Eu vejo SATC por duas coisas: diálogo fácil e figurino maravilhoso. Nunca parei realmente pra pensar nos dilemas morais, nem na época do original, nem agora. Fico reparando nos sapatos e na saia de tule que, no atual, veio em versão calda-de-noiva, e eu amei. Julguem-me. Foi então que minha amiga mais bem sucedida, linda, ruiva, que mora em Miami (Mi, te amo, olha no que deu) me disse que tava um pouco perdida no enredo e me mandou uma matéria do NY Times que me deixou totalmente perplexo sobre como o diálogo estava equivocado em diversos pontos.

Ilustração de Carlos Stefano

Embora o esforço deva ser mesmo reconhecido em termos de inclusão, a história precisa fazer sentido e ficou devendo neste sentido. Cynthia Nixon, a Miranda, se assumiu gay neste meio tempo, e exigiu mais representatividade para voltar. Porém, o drama que a personagem vive na série ficou extremamente forçado, como todo o enredo. Charlotte descobre nesta idade que não tem amigos negros, e sai em busca disso. A forma como Carrie, recém-viúva, e as outras encaram um podcast do qual ela faz parte, como se fosse algo de outro mundo, soa muito fake, desculpe. Onde elas estavam nos últimos 20 anos? 

Aí você se pergunta: o que isso tem a ver com saúde da mente e o tema geral do Estar na Pele? O principal problema do roteiro, nas palavras do NY Times (e quem sou eu pra desdizer) é que as personagens não parecem agir como amigas de 55 anos de longa data, principalmente quando uma delas acaba de perder o marido. Charlotte e Miranda batem boca o tempo todo sobre cor de cabelo, ou porque uma bebe, ou porque a outra não aceita a filha descobrindo-se trans, tudo isso em um café da manhã em cima de omeletes (palavras do jornal), tudo isso frente a uma Carrie apática e estranha em luto. Miranda transa com Che (novo personagem, trans) na cozinha de Carrie com a amiga dormindo miserável na cama ao lado! Que amiga de longa data faz isso? 
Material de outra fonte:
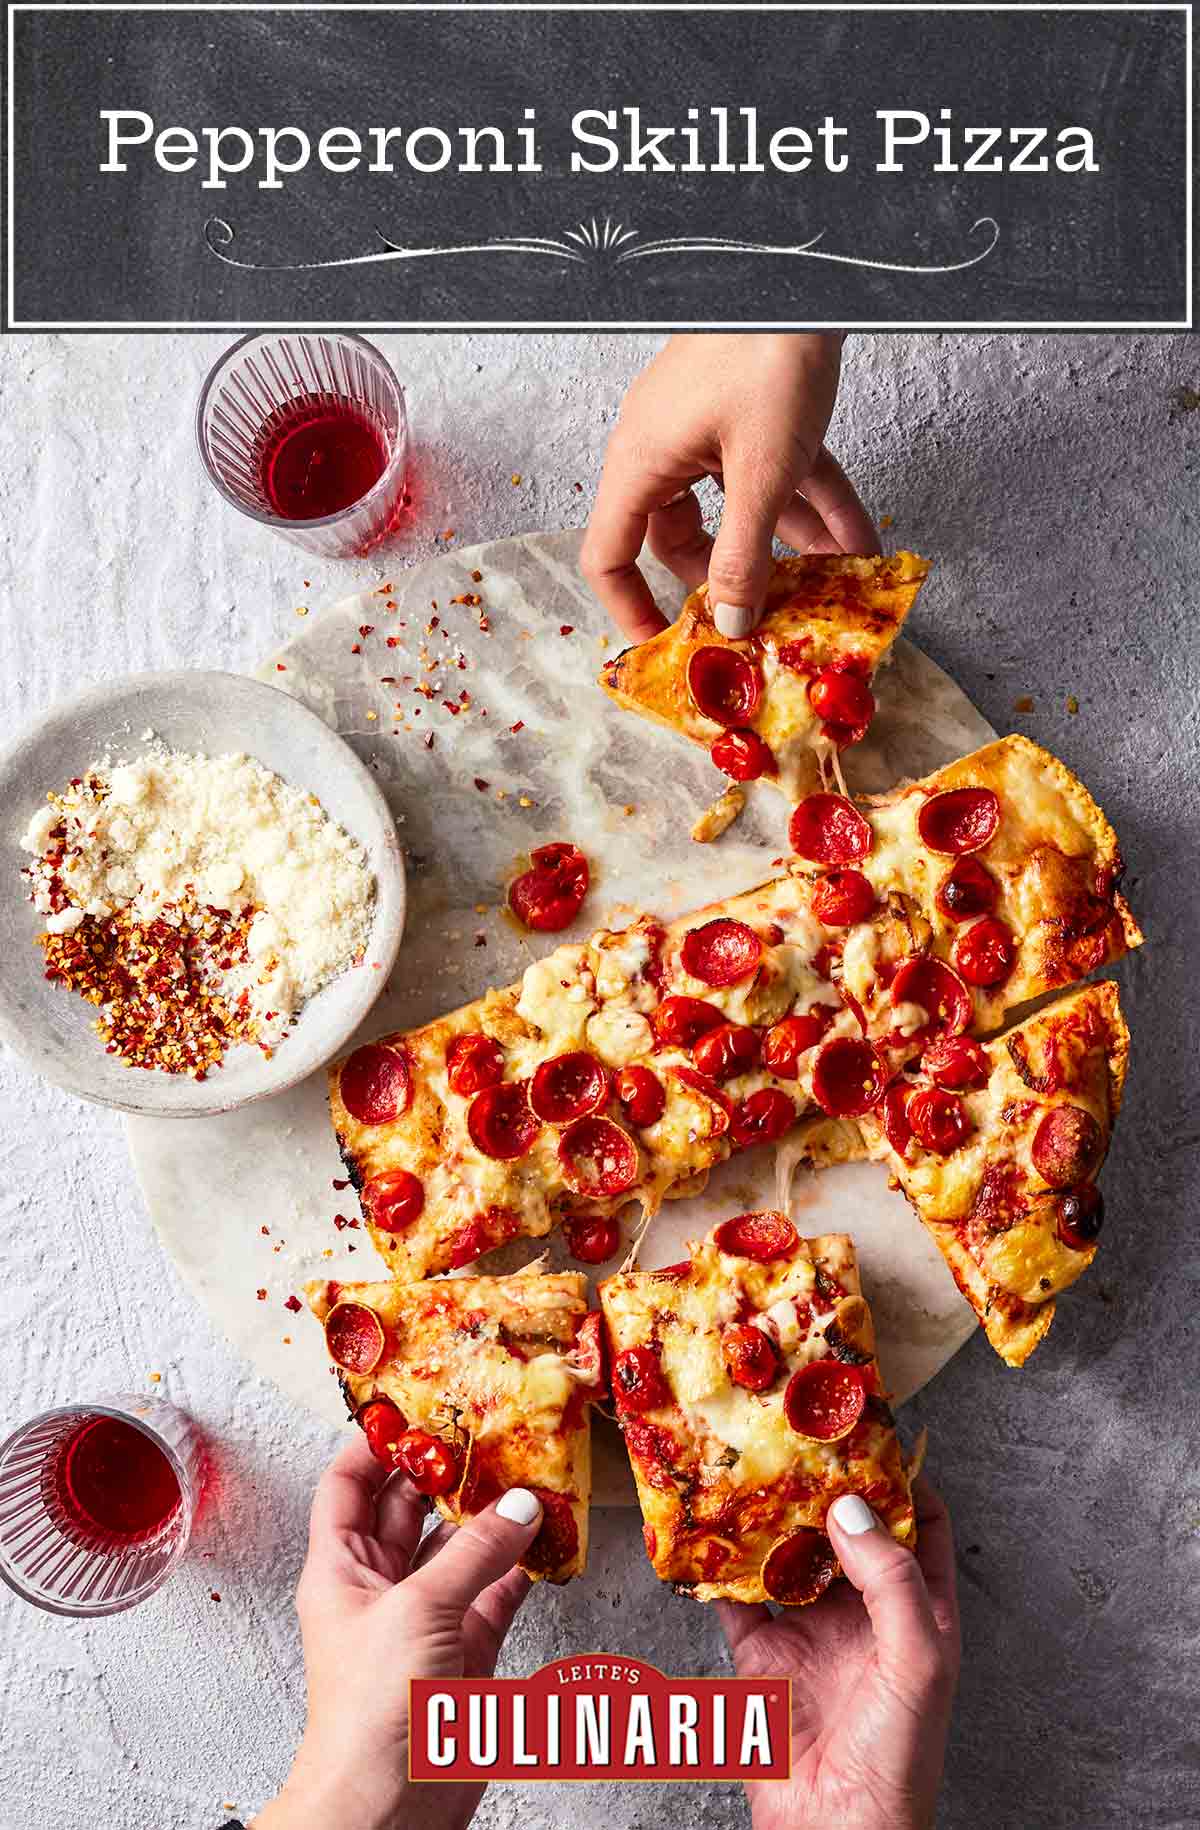 Hands grabbing pieces of skillet pepperoni pizza with two glasses on the side and a bowl of parmesan and pepper flakes

Todos sabemos que, em meio a uma crise emocional, além de ajuda médica, o mais importante pro paciente é ter rede de apoio. Nem todos têm este privilégio, mas amigos de longa data definitivamente deveriam ter. A sensação que nos passa é que elas são amigas de 20 e poucos anos brigando por picuinha. 

Amigas de longa data não julgam a decisão do outro de deixar o cabelo branco, pois sabem os motivos pra isso, mesmo que não sejam falados. Nem julgam a outra por não saber lidar com a mudança de sexo da filha, pois sabem que é um processo, conhecem os sonhos, conhecem os defeitos da outra e sabem a hora de se posicionar, ou apenas de ouvir. Amigas de longa data não discutem seus problemas na mesa com a amiga recém viúva. O plot da série (enredo em inglês, amo esta palavra) é justamente a relação de amor e segura-barra entre elas, mesmo sendo tão diferentes. Aliás, sinceramente esta é uma observação minha, ninguém ama esta amiga a ponto de sugerir que ela vá ao médico? Porque ela está claramente depressiva. Matam o marido dela pra gerar história pra série e não oferecem nem uma ajuda profissional pra coitada? Desculpem a piada de mal gosto, mas não me contive. 
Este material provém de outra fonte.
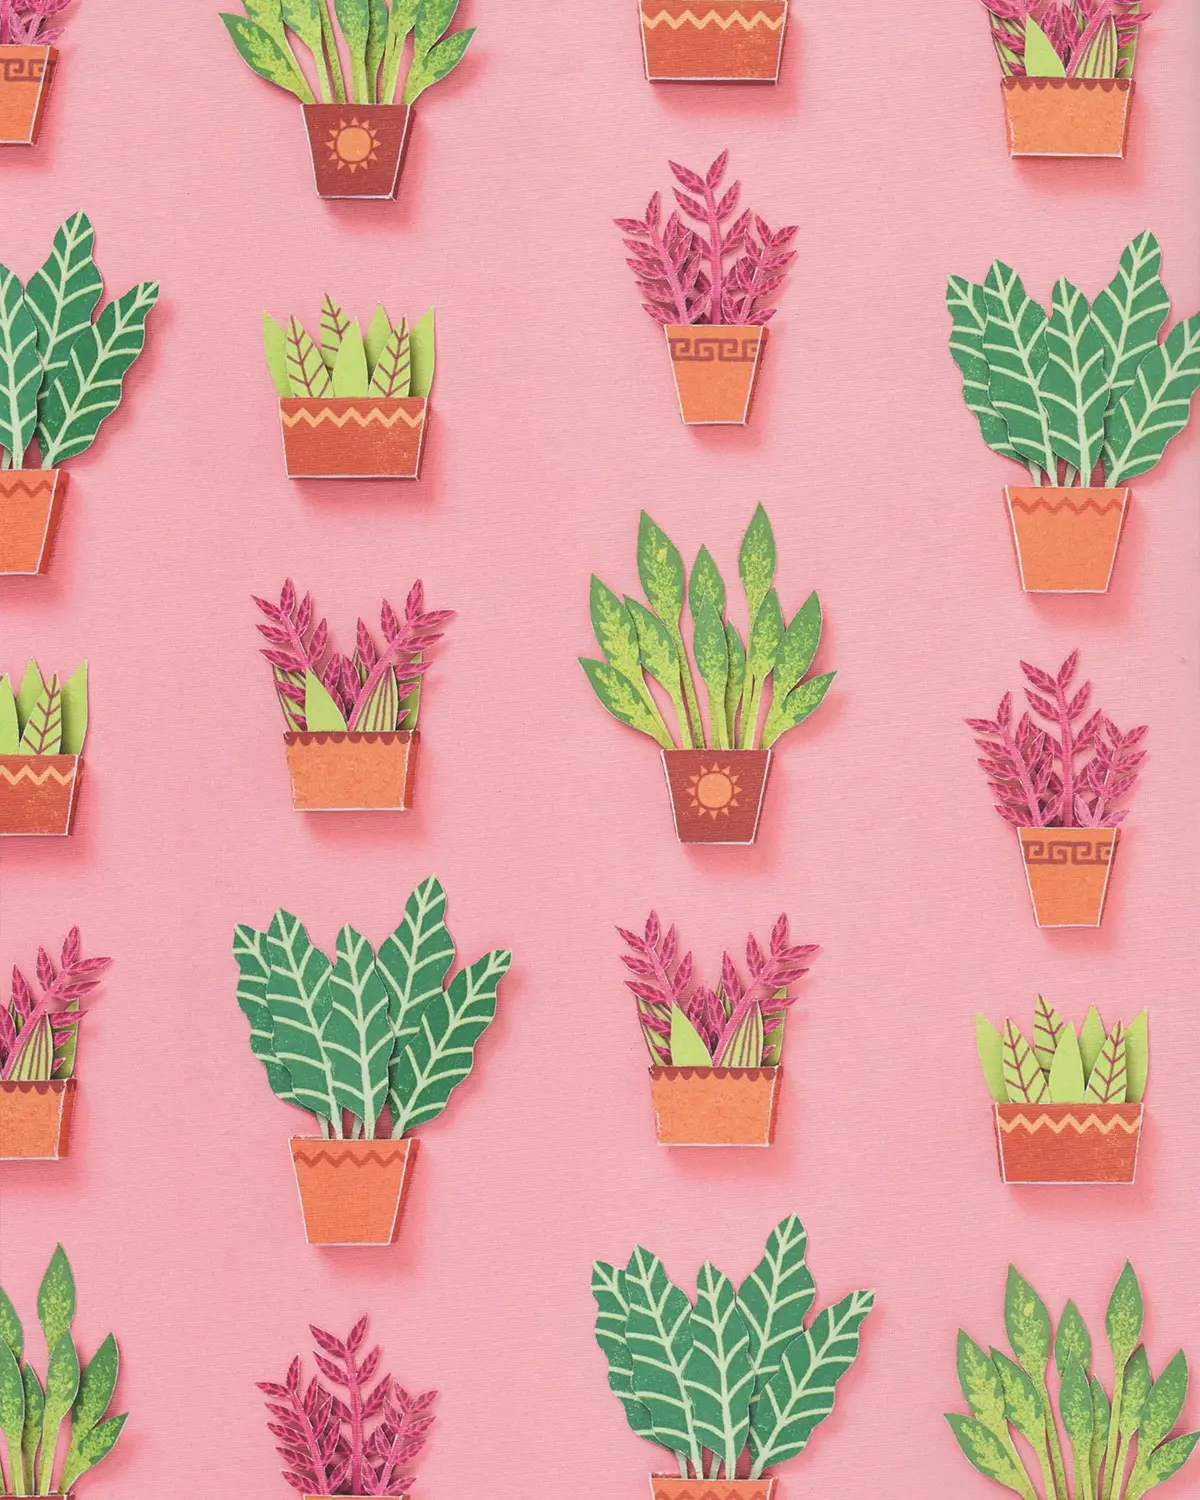 Project Calm: Pretty plants laid out in a pattern for end papers.

Todo ser humano que se preze deseja, conscientemente ou não, uma amizade de longa data. Pra ser justo, amigos de longa data dormem de conchinha com o outro, se ele estiver precisando, como Miranda fez com Carrie em uma cena linda e terna. Mas não transa com o chefe trans da outra no dia seguinte, na cozinha, a vista da amiga triste. Levando em consideração que amigos há séculos implica uma certa idade no contexto, mulheres mais experientes sabem controlar seus impulsos sexuais, não pela falta de libido, mas sim por amor ao outro. Por esta cena, a gente nota que o problema não é a falta de entendimento da dinâmica entre duas amigas nesta idade e neste momento da vida de uma delas, mas preferiram gerar buchicho pra render audiência. 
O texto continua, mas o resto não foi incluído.